İBB, hızlı tarama tespiti için ise şubat ayındaki Kahramanmaraş merkezli depremlerinden bu yana 121 bin binadan başvuru aldı. Bu binaların yaklaşık 35 binini taradıklarını, bu yöndeki çalışmaların devam ettiğini aktaran Yün, “Bu binaları öncelik sıralamasına göre aldığımızda bunun yapılması bile bir iş birliği gerektiriyor” diyor.

Taranan yapılar içerisinde bin 556 tane yapının taşıyıcı sistemi dahi bulunmadığını ve hızlıca müdahale edilmesi gerektiğini tespit ettiklerini aktaran Yün, bunlar içerisinde 318 yapıda çalışmaların devam ettiğini söylüyor.

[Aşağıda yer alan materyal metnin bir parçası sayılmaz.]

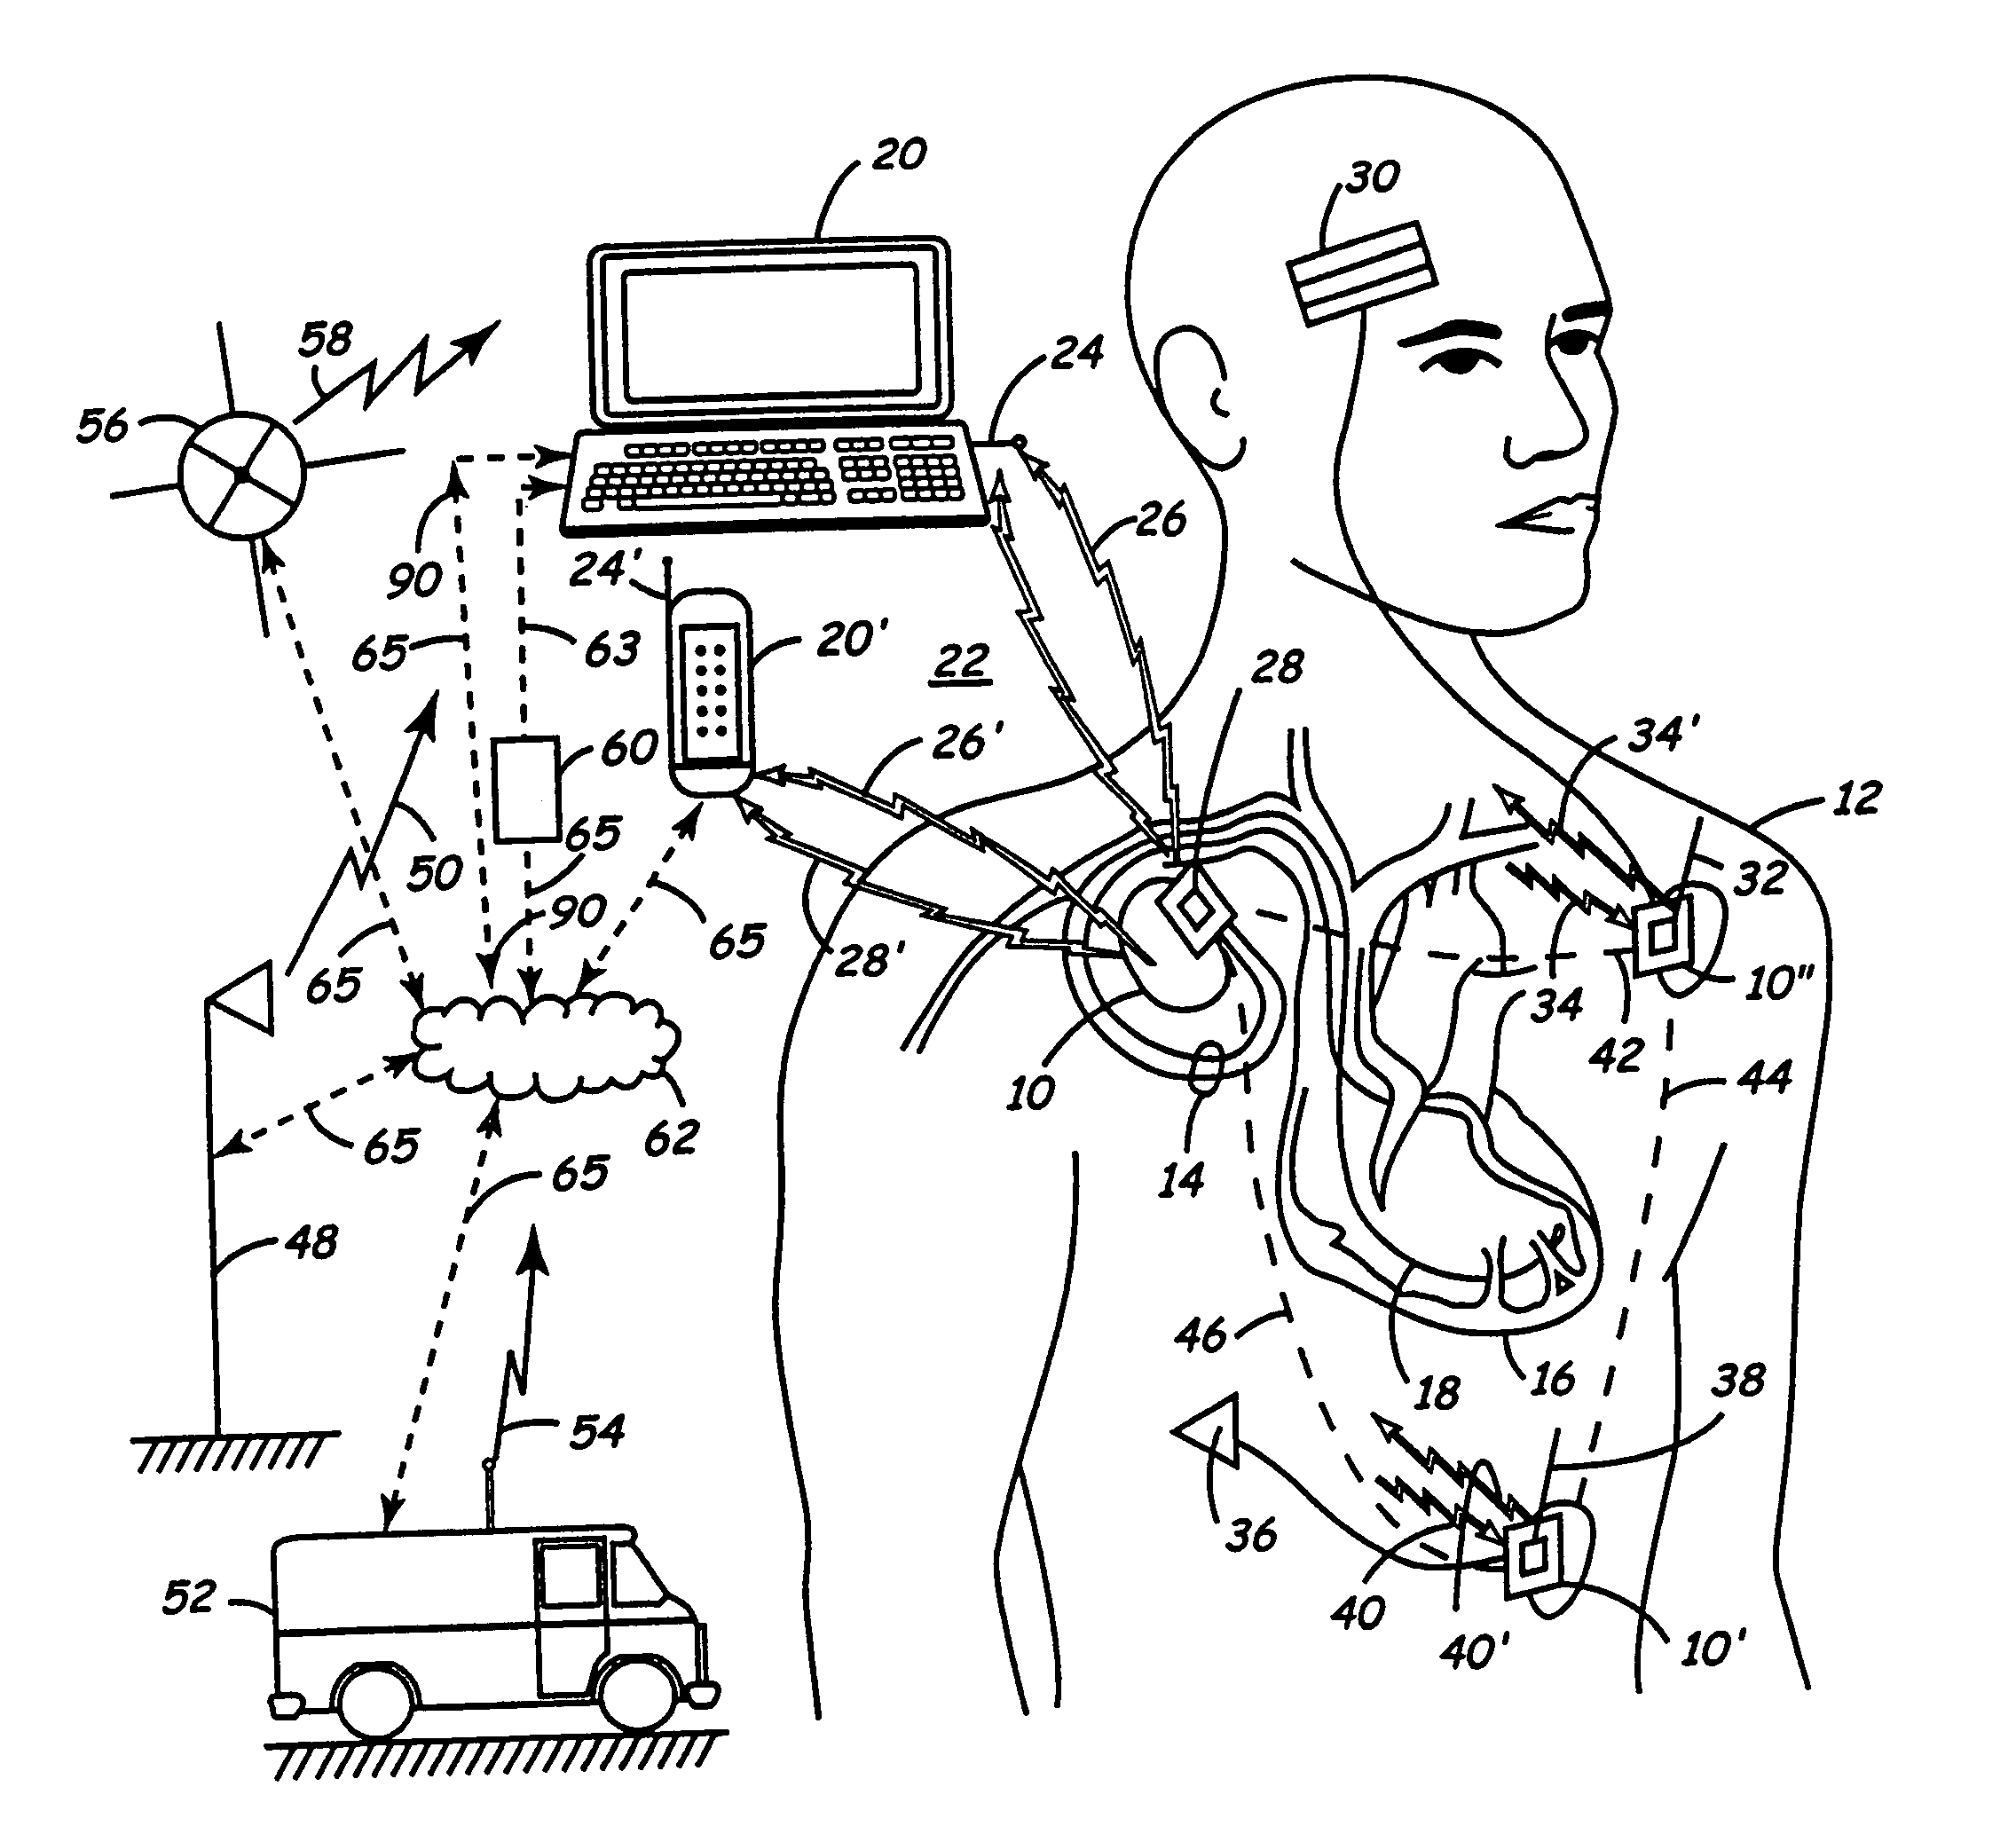 Communications system for an implantable medical device and a delivery device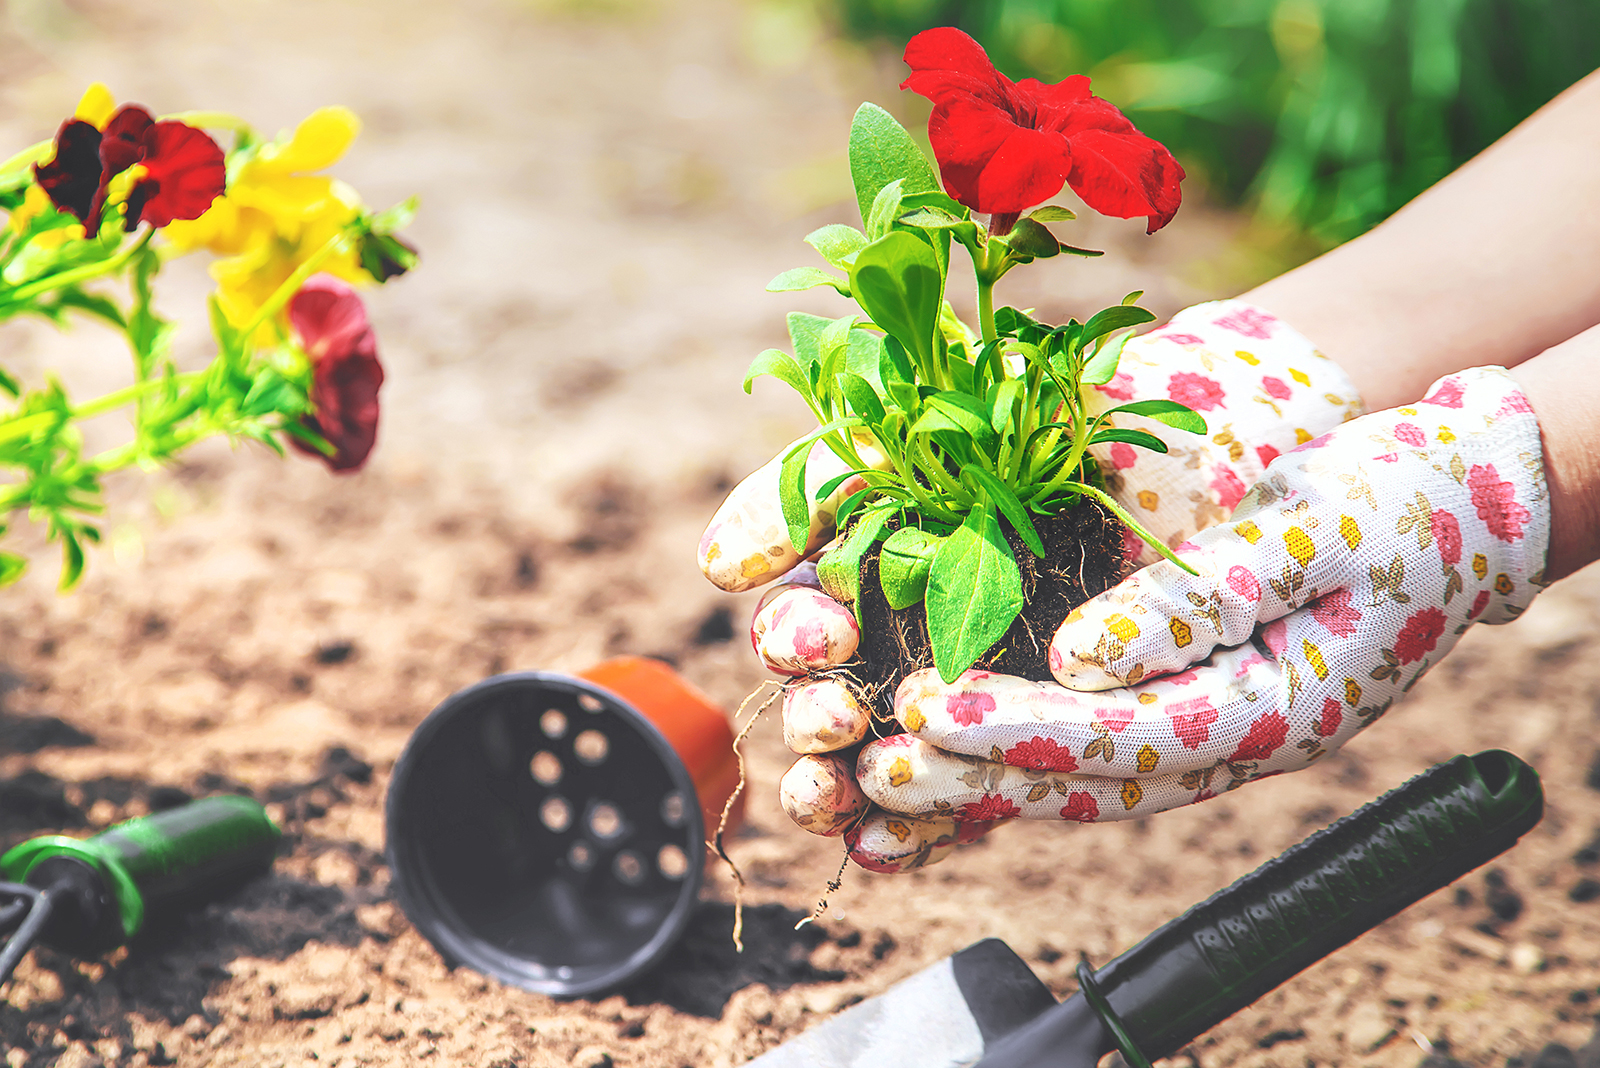 Aging Well: Gardening cultivates benefits for your health | FFXnow

Kalan bin 238 bina için vatandaşlarla iletişime geçtiklerini belirten Yün, bunların da kısa zamanda tahliyelerini gerçekleştirmek istediklerini söylüyor.

VATANDAŞA ÇAĞRI: HIZLANMAMIZ LAZIM

Riskli yapıda oturmanın temelinde ekonomik sebeplerin yattığına işaret eden Yün, İBB Meclisi’nden alınan kararla Bakanlık tarafından verilen 3 bin 500 lira kira yardımı üzerine 4 bin 500 lira hibe verdiklerini belirterek ekliyor:
“Bizim vatandaşa kentsel dönüşüm veya riskli binaların tahliye edilmesine ilişkin finansman modelleri sunmamız lazım. Kira yardımı da bunlardan birisi.”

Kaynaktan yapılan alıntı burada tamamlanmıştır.